What I am looking for is advice and/or examples of how to process (read and/or wrirte) very large files of serialized objects that are too large for memory; this will always be a possiblity that is out of my (programs) control.

Perhaps another example may help. I may have a program that polls a data directory looking for files (of serialized objects) that are created by an external program. My program has access to the API (classes only, that define the objects, a Widget class for example) so I know what the objects look like and how to get information about them (getters for example). The job of my program is to deserialize the data files, recording some information about each object then discard them. My program has no idea how big the files will be or how many objects they may contain.

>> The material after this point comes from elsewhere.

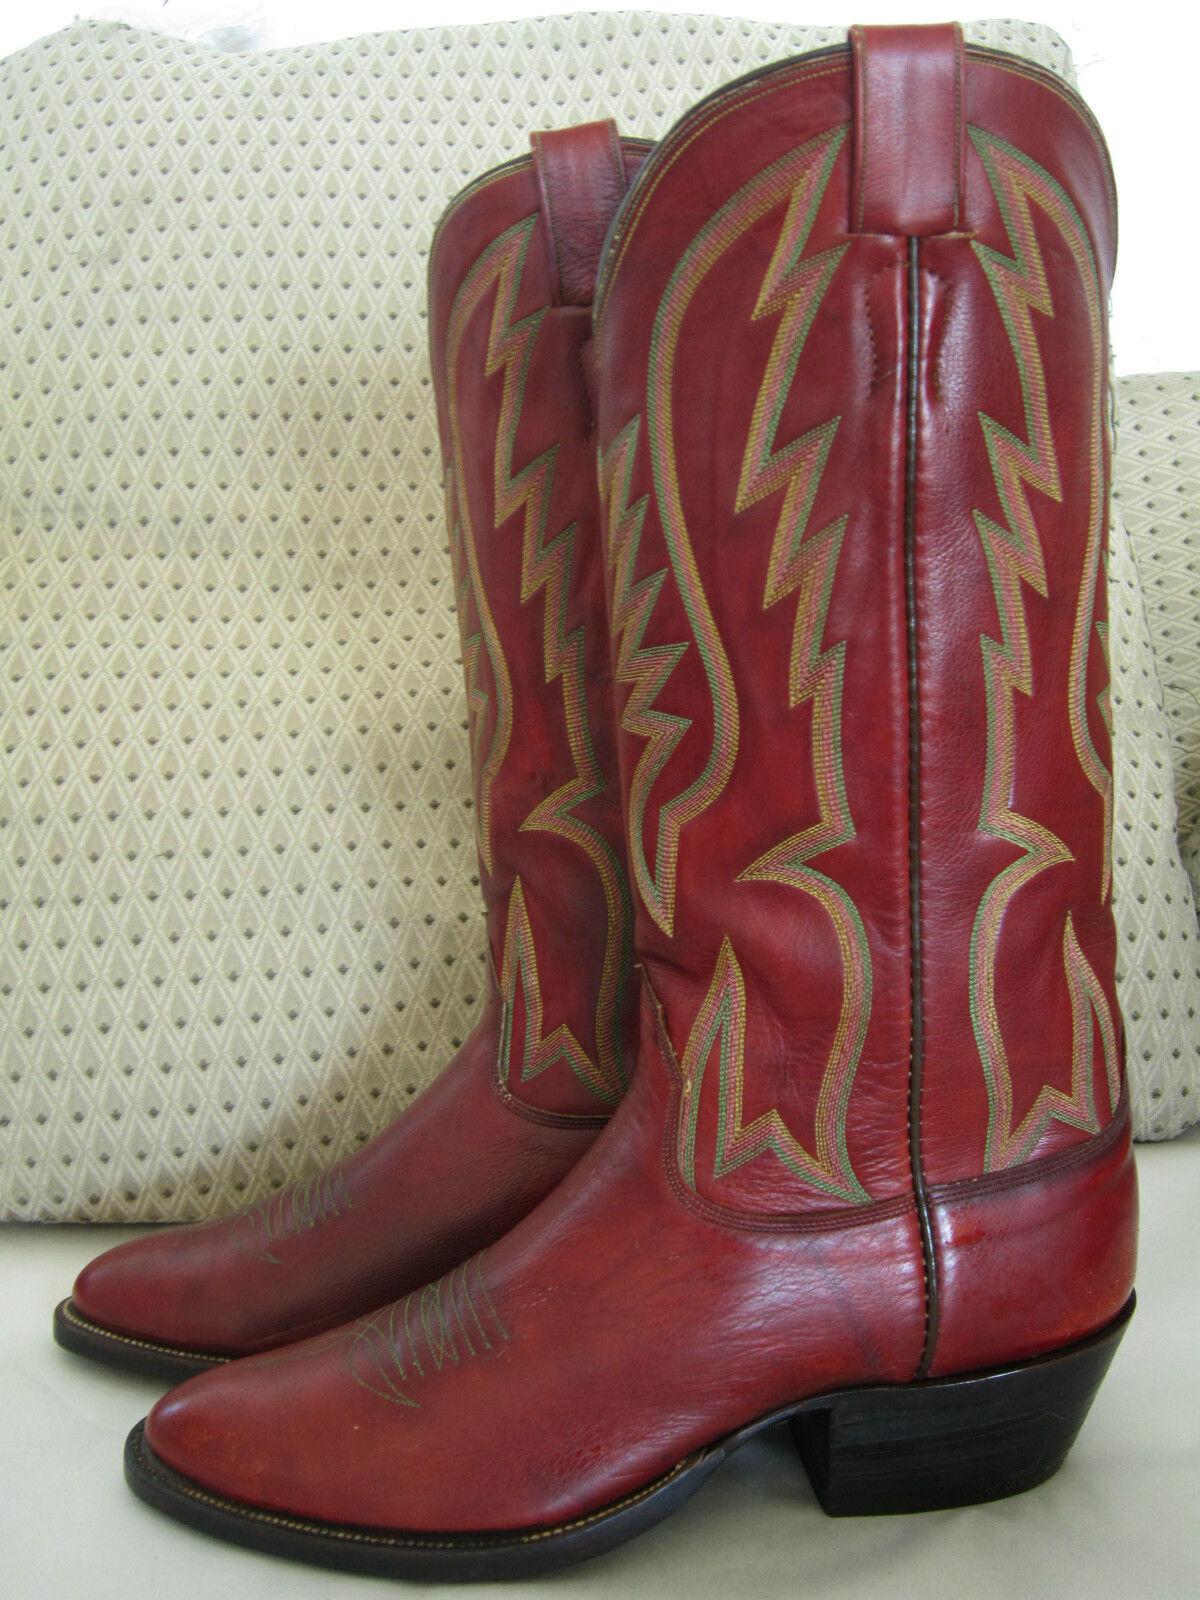 Rare Vintage OLSEN-STELZER Cowboy Stiefel ROT - Saddle ROT Stiefel color    sz 9 plus/minus 72b94d

So how can I design my program (and process the files and objects) to read the files and deserialize safetly without running into memory issues?

9 years ago
I'm just trying to learn more by thinking about problems that are not easy to solve.

At the moment I am looking at how to deal with huge numbers of objects, too many to fit into memory (pretend my memory will never be big enough) and files that are too large to fit into memory.

Perhaps I need to turn the question around.

Lets say I have a loop to create a large number (say millions) of objects (that will never fit into memory at the same time) and I have to serialize them into a single new file in each iteration (say file1, file2, file3, ...).

How can this be done if there is not enough memory to fit all the objects into memory.

Then the next step (assume another program) would be my original question of how to read the files (and millions of objects) that are too large to fit into memory. Once deserialized assume I get some values from each object to use in a calculation.

Any ideas?
9 years ago
Assume I don't know. Why, does it make a difference?
9 years ago